Connolly has crafted a menu best described as Italian gastropub. While that might sound like a concept spat out by the Restaurant Trend Generator 3000, in practice it means a selection dominated by rustic pastas and wood-fired pizzas, both of which are always in vogue.

The pizzas hew close to the Neapolitan style. The crust isn't quite as thin and delicate as a true Neapolitan pie, nor does the oven burn hot enough to blister the underside black. On their own merits, however, these are excellent pizzas. The crust has a light, pleasant flavor, and the topping combinations are more than just an excuse for a clever name.

The "Hero" mimics a classic Italian-American sub (or hoagie or grinder, depending on your provenance): thin slices of soppressata and coppa with provolone cheese and peperoncini over tomato sauce.
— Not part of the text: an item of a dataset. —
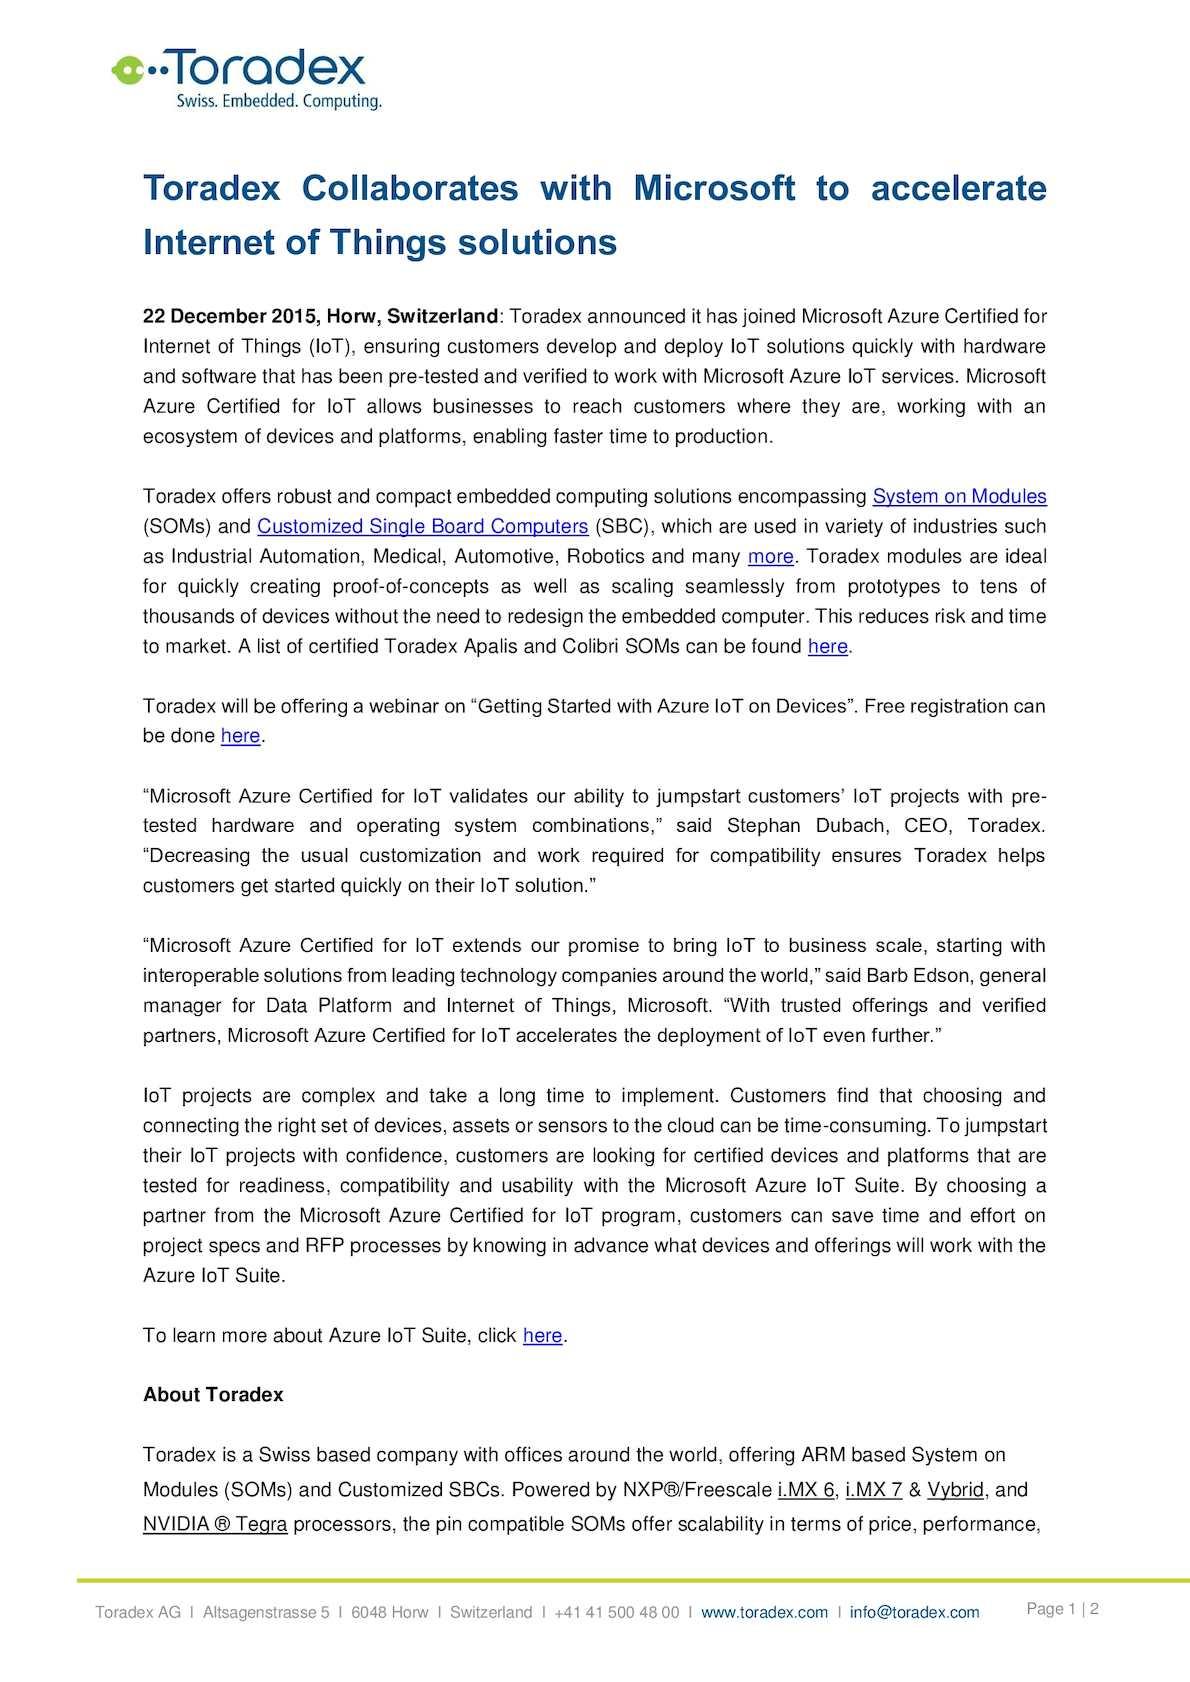 Calaméo - Toradex Collaborates with Microsoft to Accelerate Internet

The earthy spice of the two cured meats provides the pizza's main flavor, while the peperoncini, each slice reduced to a translucent ghost of itself speckled with seeds, adds a sharp, lingering kick. Gently curved slices of golden-orange delicata squash arch across the surface of the "McDowell's Golden Arcs" pizza. Draped alongside them are thin slices of speck crisped like bacon. With Fontina cheese, sage and even a touch of honey, the pizza offers a lovely balance of sweet and savory, spice and grass. Quite simply, a gorgeous dish.
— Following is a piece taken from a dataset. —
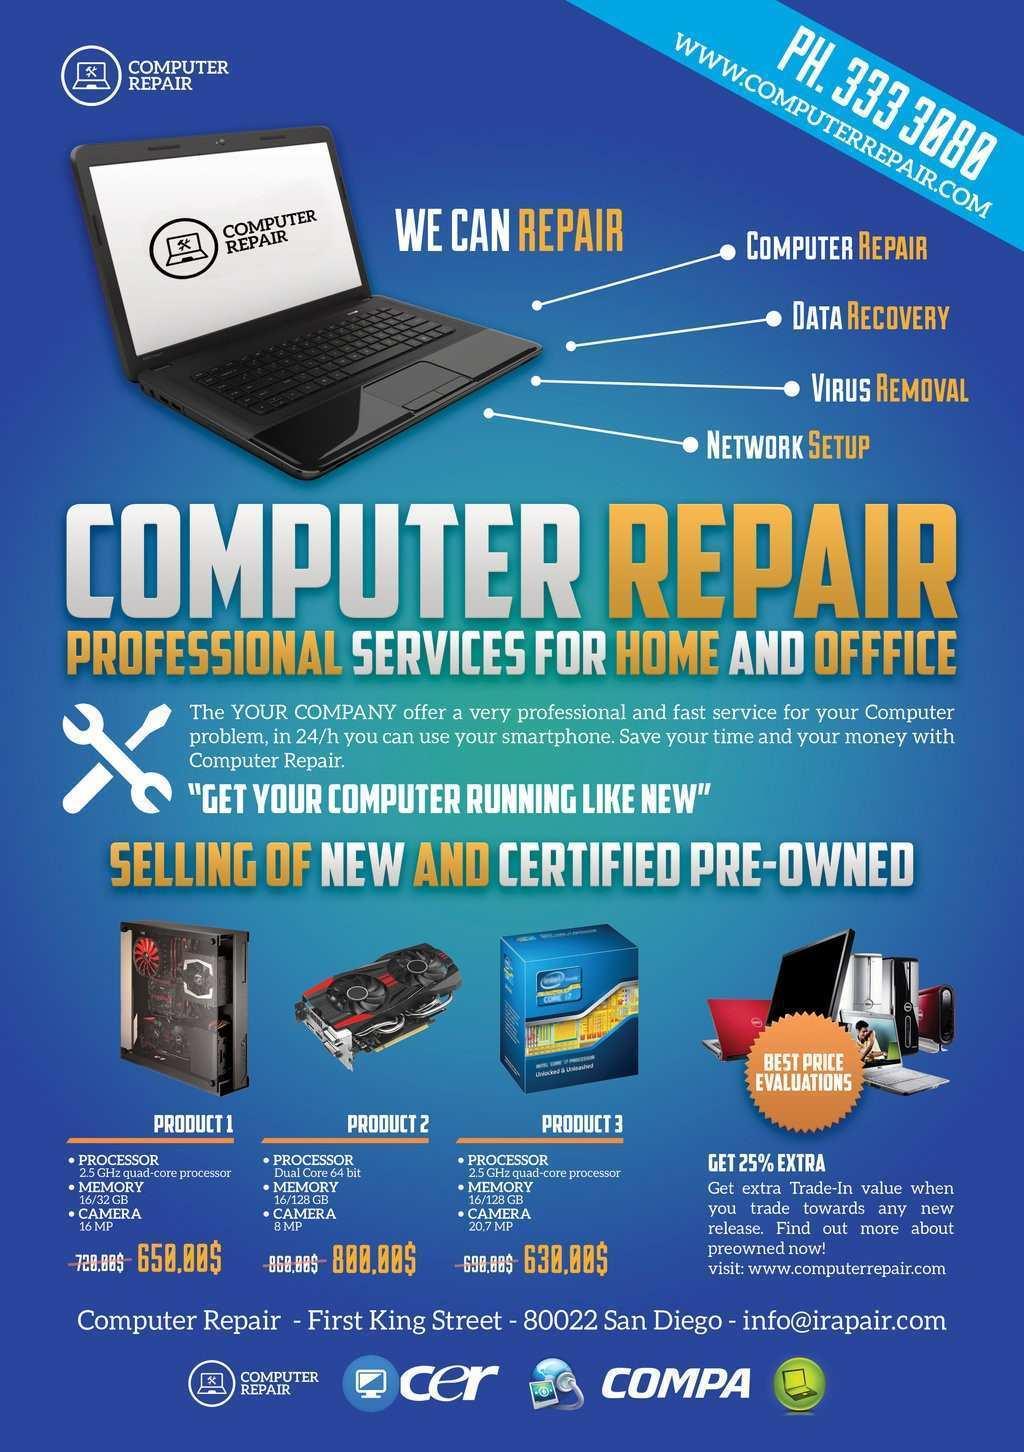 43 Report Computer Repair Flyer Template Word Templates by Computer Repair Flyer Template Word

Housemade pastas include mafalda: thin, ridged ribbons like skinny lasagna noodles. Connolly tosses these in a rich ragù of beef and pork, adds pecorino romano for salt and tang, and then dusts the dish with breadcrumbs for textural contrast. The result is strikingly humble — it looks like nothing more than a big bowl of noodles — and delicious. Duck agnolotti is less successful. Connolly serves the stuffed pasta in a sauce (for lack of a better term) of olive oil, broccoli rabe, pecorino and pine nuts. These flavors work well together, especially the bitter bite of the broccoli rabe, but the agnolotti themselves are bland. The minced duck inside the pasta hardly tastes of duck, let alone any seasoning.
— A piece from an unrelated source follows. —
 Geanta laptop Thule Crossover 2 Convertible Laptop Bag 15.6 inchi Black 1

The menu offers four dishes from "The Grill." This includes the burger, a juicy specimen dressed up with Fontina, strips of fried onion and a mildly spicy giardiniera. (The veggie burger, available at lunch, is an excellent example of the species, with a texture and flavor that calls to mind fried eggplant.) Another "Grill" entrée, a fillet of red trout, is perfunctory. Salt, and too much of it, is the primary seasoning. A side of mustard greens with farro and a few slices of poached pear adds little to the trout; as prepared, none of the individual flavors is strong enough to make the combination interesting. À la carte vegetable sides are a better choice, especially the roasted cauliflower with gremolata and whipped ricotta.

Appetizers include gastropub standards — the charcuterie board, for instance, and the cheese plate. I opted instead for three slices of toast topped with eggplant caponata, gently sweet and just barely still astringent. A shockingly and wonderfully light tonnato sauce and slivers of toasted rye bread distinguish a "Caesar" salad of arugula and kale. The crisp exterior of the fried calamari yield to tender squid, a simple pleasure from a simple dish.

As befits a gastropub, the selection of craft beers on draft and by the bottle is excellent. The wine list favors Italian selections, from affordable Chianti Classico to pricey Super Tuscans. When the restaurant is busy, especially on weekend evenings, service (especially ordering and receiving another round of drinks) often slows to a crawl.

On some (but not all) of my visits, the server introduced the menu as dishes meant to be shared. The menu doesn't really scan this way, though. You can share appetizers or a pizza easily enough, but passing a bowl of pasta or an entrée back and forth is clumsy. Actually, I think Connolly could push this idea of shared plates further. I'd much rather try a succession of his rustic pastas or some smaller, more playful dishes than one more version (albeit a solid one) of the pub burger.

Basso's greatest asset is its chef — the only one in St. Louis who currently holds one of the culinary world's most prestigious honors. The restaurant should do us all a favor and unleash him. After all, we've already gone underground. Why not even farther off the grid?